Lui – Dans ce cas, comment pouvez-vous prétendre ne jamais avoir péché ? Quand bien même vous seriez une Sainte…
Elle – Je ne suis pas une Sainte, mais ce que j’ai à vous dire est tout à fait extraordinaire.
Lui – Bon… Si cela peut vous aider, je vous écoute. Et nous examinerons ensemble si ce que vous avez fait est ou non un péché.
Elle – Eh bien mon Père, en toute modestie, je pense avoir percé le mystère de l’univers.
Lui – Le mystère de… Si c’est une plaisanterie, sachez que c’est en tout cas un péché de bafouer ainsi la confession, qui est un de nos sacrements les plus précieux.
Elle – Je savais que vous me prendriez pour une folle… Mais c’est bien pour cela que je suis venue vous voir. Si vous, vous refusez de m’écouter, qui le fera ?
Lui – Très bien, alors je vous écoute…
Elle – Eh bien voilà, Docteur…
Lui – Mon Père.
Elle – Pardon… Eh bien voilà, mon Père… je pense avoir compris comment marche tout ça. Comment ça fonctionne. Et surtout pourquoi.
Lui – Tout ça ?
Elle – Le monde ! La vie, la mort, le bien, le mal…
Lui – Rien que ça ?
Elle – L’univers, les galaxies, les trous noirs, les extra-terrestres…
Lui – Je vois… Et comment prétendez-vous être parvenue à une telle connaissance universelle ? Vous êtes scientifique, sans doute ? Si c’est le cas, entendons-nous bien. Mon domaine est celui du doute, de la croyance et de la foi. Pas celui de la certitude, de la vérité et du savoir.
Elle – C’est là où ça va vous surprendre. Je ne suis absolument pas scientifique. D’ailleurs, j’ai toujours été nulle en maths. Mais depuis que je suis toute petite, je me pose des questions sur tout ça. Pas vous ?
Lui – Si… À ma façon…
Elle – Et vous aussi, à votre façon, vous pensez avoir trouvé la vérité.
Lui – Parlons plutôt de ce qui vous amène…

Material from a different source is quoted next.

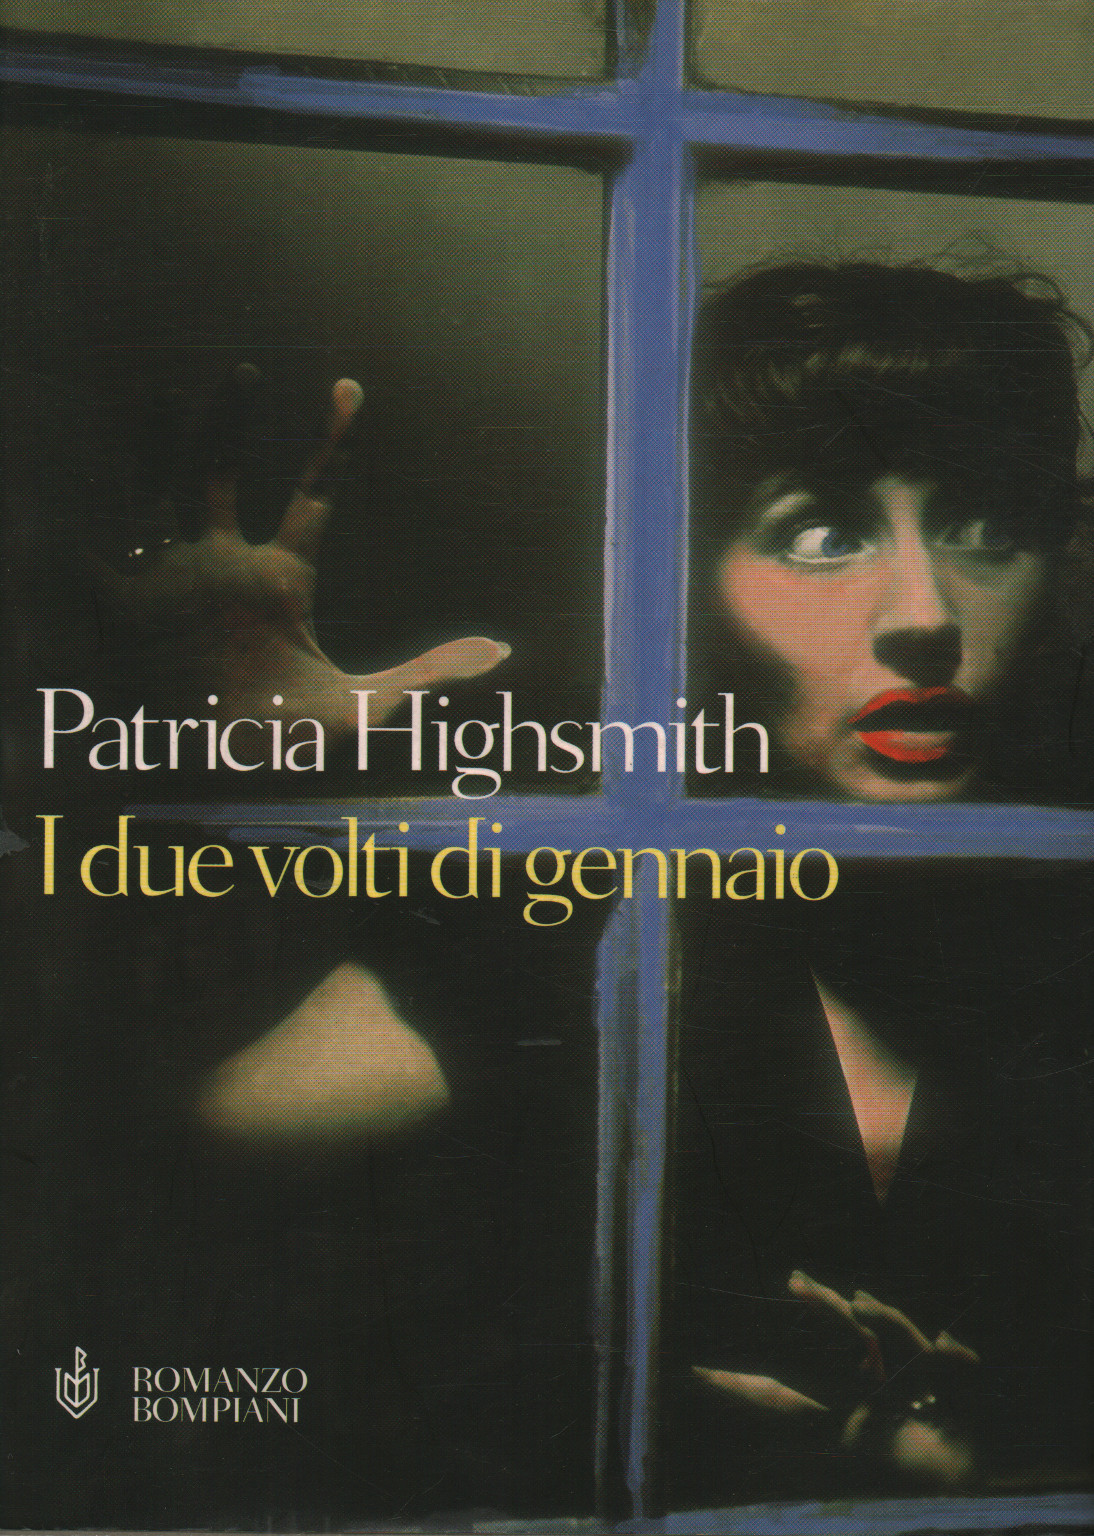 Las dos caras de enero, Patricia Highsmith

Elle – Bien entendu, assez vite, j’ai compris que je ne trouverai jamais les réponses aux questions que tout le monde se pose sans aucun résultat depuis des millénaires.
Lui – Et…?
Elle – Et pourtant, alors que je n’y croyais plus, la nuit dernière, tout s’est éclairé d’un coup.
Lui – Vraiment ?
Elle – Je dormais à poing fermés. Je me suis réveillée en sueur. Et la solution m’est apparue comme un flash.
Lui – Ne me dites pas que vous avez eu une apparition miraculeuse… Que vous avez vu la vierge…
Elle – Non, bien sûr. Et d’ailleurs, pour ce qui est du secret de l’univers, autant vous dire tout de suite que Dieu n’a pas grand chose à voir là-dedans. C’est aussi pour ça que je voulais vous prévenir en premier. Pour que vous puissiez en parler avec… votre patron.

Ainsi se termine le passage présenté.